Nel luglio del 1999, Yaguine Koïta e Fodé Tounkara,
due ragazzi della Guinea francese, tentano la fuga da un paese
nel quale è impossibile vivere. Spiccano il volo per
la civilissima Europa infilandosi nel carrello di un aereo in
partenza per Bruxelles. Non sanno, non capiscono i rischi, e
in ogni caso quella opportunità deve sembrar loro preferibile
alla prospettiva quasi certa di morire nel loro paese. Non hanno
valigie, e dunque hanno già rinunciato al mondo che stanno
lasciando. Non portano nulla con sé, a parte alcuni documenti
e una lettera con la quale chiedono ospitalità a un continente
intero, che ritengono accogliente. Yaguine e Fodè muoiono
in quel carrello. I loro corpi vengono ritrovati, con grottesco
ritardo, dopo che il vettore ha fatto più volte la spola
tra Conakry e Bruxelles. La lettera che portavano addosso fa
il giro del mondo, sollecita riflessioni critiche e spettacolari
esperimenti creativi. Simon Gikandi basa su questa vicenda una
riflessione molto acuta sulle questioni postcoloniali: coltivare
il sogno di un'Europa che non c'è è una pulsione
che nasce dal cuore stesso del colonialismo. Risulta dal marketing
elaborato di un sogno, prodotto da testi di ogni tipo, pensati
per costruire un immaginario dell'occidente.
Si
trattava (e si tratta) di una mistificazione creativa, sedimentata
nel tempo, che protegge e mantiene la convinzione che noi –
gli occidentali – siamo migliori. Semanticamente vuota,
questa fantasia di civiltà si rivela singolarmente persistente,
a dispetto dei fatti e in ragione della disperazione senza fondo
che contraddistingue la vita di molti migranti. Alcuni testi
meglio di altri raccontano questa triste vicenda. C'è
un corto di Andrea Caccia, L'estate vola (2000), che
non riesco a togliermi dalla testa. Ci torno sempre, e ci sono
tornata ora in circostanze simili a quelle dell'inizio di questo
secolo, per cercare di capire come una storia lontana da quella
di Yaguine e Fodé riesca a raccontare così bene
la delusione profonda, l'impotenza e alla fine la morte di uno
straniero che arriva in un mondo inospitale, aspettandosi invece
che quel mondo lo sia.
Oggi la storia del piccolo migrante trovato senza vita nel carrello
di un altro aereo, all'aeroporto Charles De Gaulle, riferisce
della stessa condizione di Yaguine e Fodé, e della medesima
(nostra) incapacità di render conto di una colossale
sottovalutazione, della nostra arrogante insipienza nel considerare
il fatto conclamato delle migrazioni forzate. Non vogliamo vedere
quello che abbiamo sotto gli occhi. Piangiamo questi morti quando
sono morti senza esser capaci di pensare anche solo un progetto
di risoluzione di questa carneficina. Siamo, nella migliore
delle ipotesi, animati da buone intenzioni, che tengono finché
occupano la dimensione astratta dell'ideologia o della religione.

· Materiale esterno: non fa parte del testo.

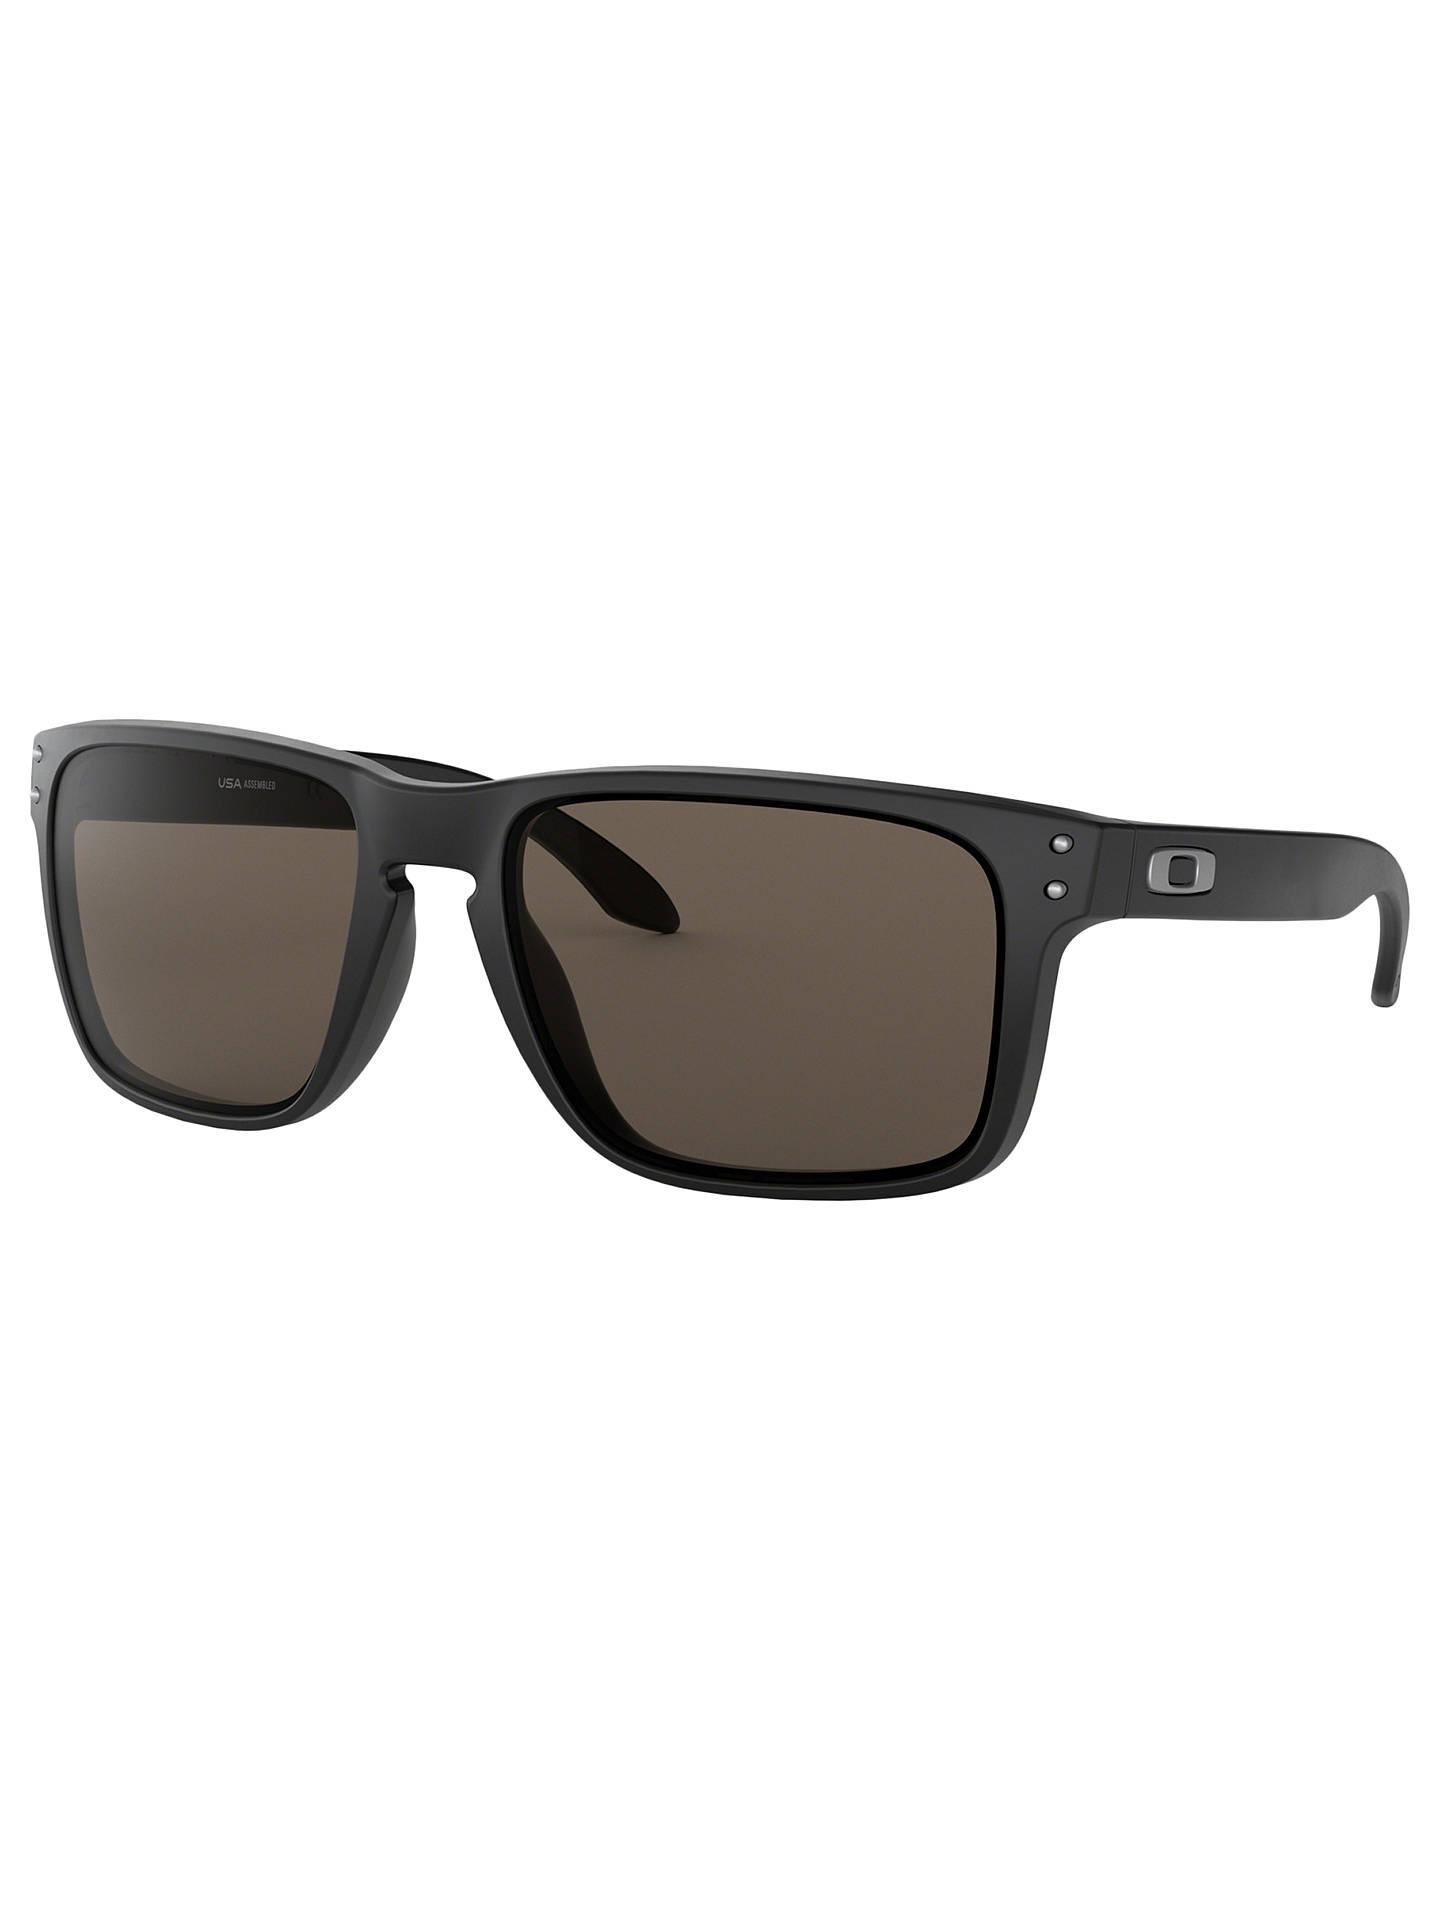 619c888815b Oakley OO9417 Men s Holbrook XL Square Sunglasses at John Lewis ...

Siamo un paese essenzialmente cattolico, per formazione e per
storia. Le persone della generazione di mio padre, o almeno
molte di esse, fanno donazioni a una gran quantità di
associazioni che si occupano dei “bambini poveri dell'Africa”.

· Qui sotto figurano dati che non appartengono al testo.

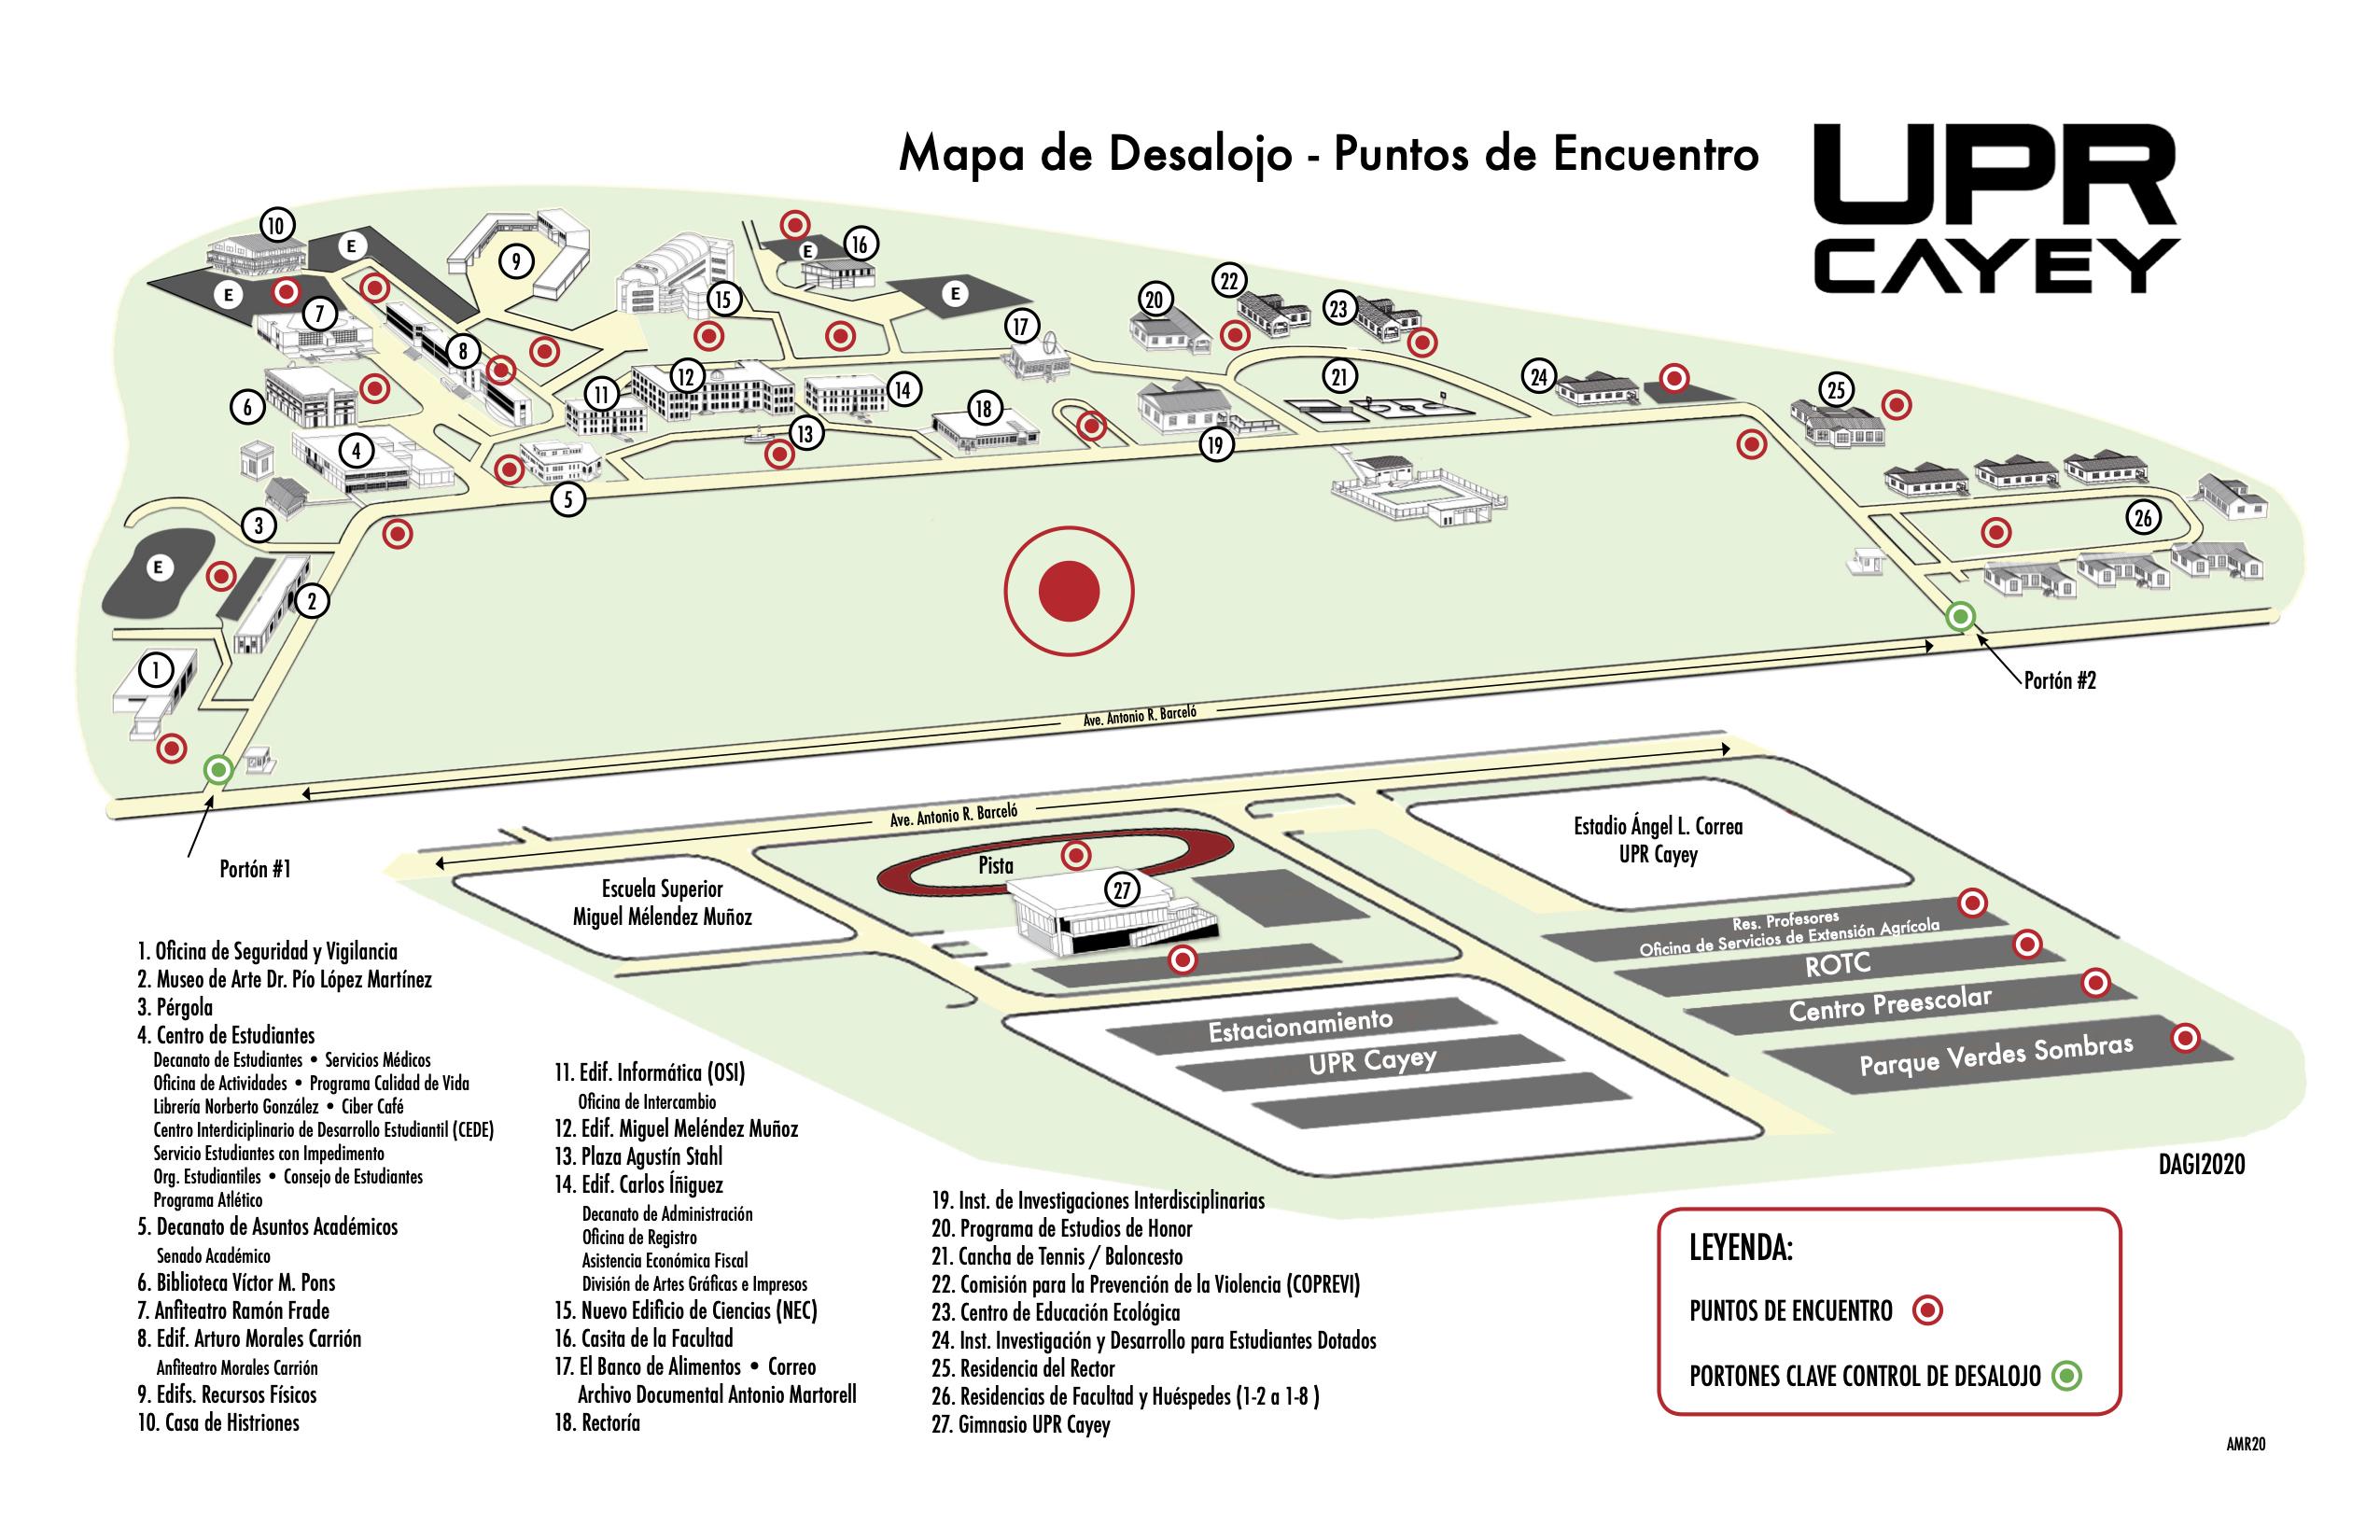 Imagen mapa de desalojo UPR Cayey

Li immaginiamo macchiettisticamente (e offensivamente) bisognosi
della nostra carità, ma a casa loro, dove devono restare
invece di salire a tradimento nel carrello di un aereo. Questo
atteggiamento ha un nome che già Dickens conosceva: filantropia
telescopica. Siamo pronti a condividere e a empatizzare con
la povertà lontana, non guardiamo quella che ci circonda.
Abbiamo figli che nella migliore delle ipotesi scelgono di scendere
in piazza per sollevare questo genere di problemi, e ci spaventiamo
quando il loro scendere in piazza provoca conseguenze, rischi,
indagini. Però mandiamo soldi, che peraltro nella maggior
parte dei casi non arrivano da nessuna parte. E comunque, “questa
gente” non la vogliamo in casa.
Filantropia telescopica, appunto. E smemoratezza storica. Le
due cose, messe assieme, non fanno un essere umano. Al meglio,
un animaletto, senza una morale, ma solo con un comportamento.